Recently had my first big outbreak (I had a scare of what I thought could have been one last month but even though I got swabbed asap tested it came back negative). After about a week into the outbreak on my genitals I then had an oral outbreak (never had a cold sore before at least to my awareness). While I am on antivirals (taken the day the cold sore showed and the genitals have started clearing this oral one just seems to be getting worse. The nurse said it was likely HSV-2 but I am still waiting for my results. Does anyone have any recommendations on how to cope with this oral outbreak? I am currently staying at my boyfriends' house and am worried it will travel from inner lip/mouth to be more visible, the idea of his parents seeing it fills me with dread.
Also, any good websites/blogs/youtubers to follow to give me a little more hope to this all.
I was just diagnosed with HSV 1 and this was the first time I had been tested for it. I am not sure how long I’ve had it and now I’m feeling a lot of stress and anxiety. A lot of my friends have had cold sores before and I know they’re super common but I am so afraid of passing it to someone else with an unknown outbreak. I know that HSV 1 can be oral or genital but is most commonly oral. I don’t think I’ve had an outbreak yet because I figured it would be easy to recall. I’ve had a small fluid filled bump above my lip for a month or so that at one point I picked off and it grew back. It hasn’t bursted and doesn’t hurt at all. I’m not sure if this is my first outbreak or if it’s just something else. Is there any kind of medication I can take to lower the chances of spreading it to another person?

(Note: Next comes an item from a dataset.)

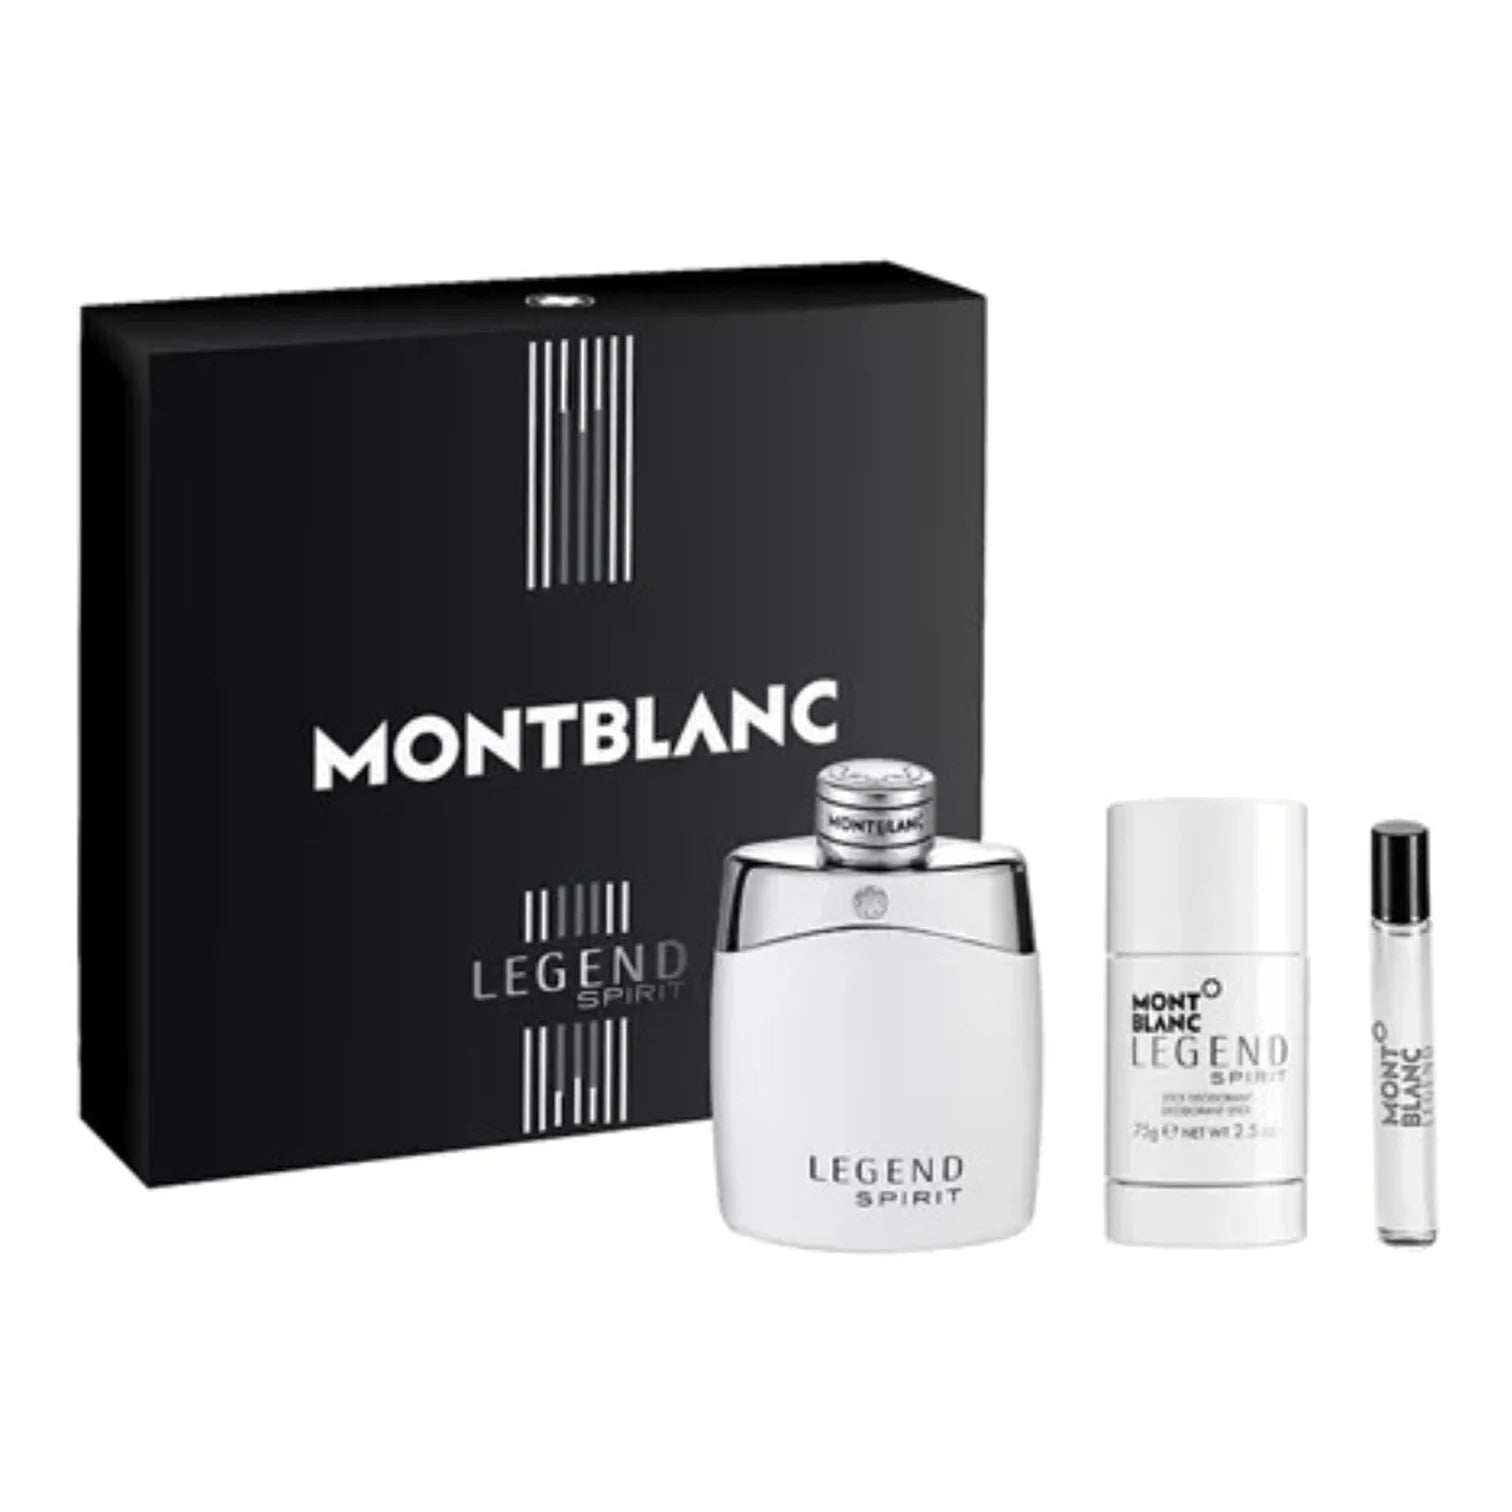 Mont Blanc Montblanc Legend Spirit Eau de Toilette Spray 1.7 oz

I tested positive for HSV 1 & 2 yesterday. In these short 24 hours my emotion's have been on a roller coaster. Sometimes I feel like I am normal and I can get over this mentally but then sometimes I break down and cry and feel so nasty about myself and the decisions I've made in life. Anyways I'm not writing on here to throw myself a pitty party but instead to find out what you guys prefer. Do you take medicine if so do you take it daily or just when you have outbreaks? Do you do the natural way and if so what are your recipes? What do you think are the pros and cons to either. I just really don't want to take a pill everyday to remind me of my choices. Any feedback is appreciated.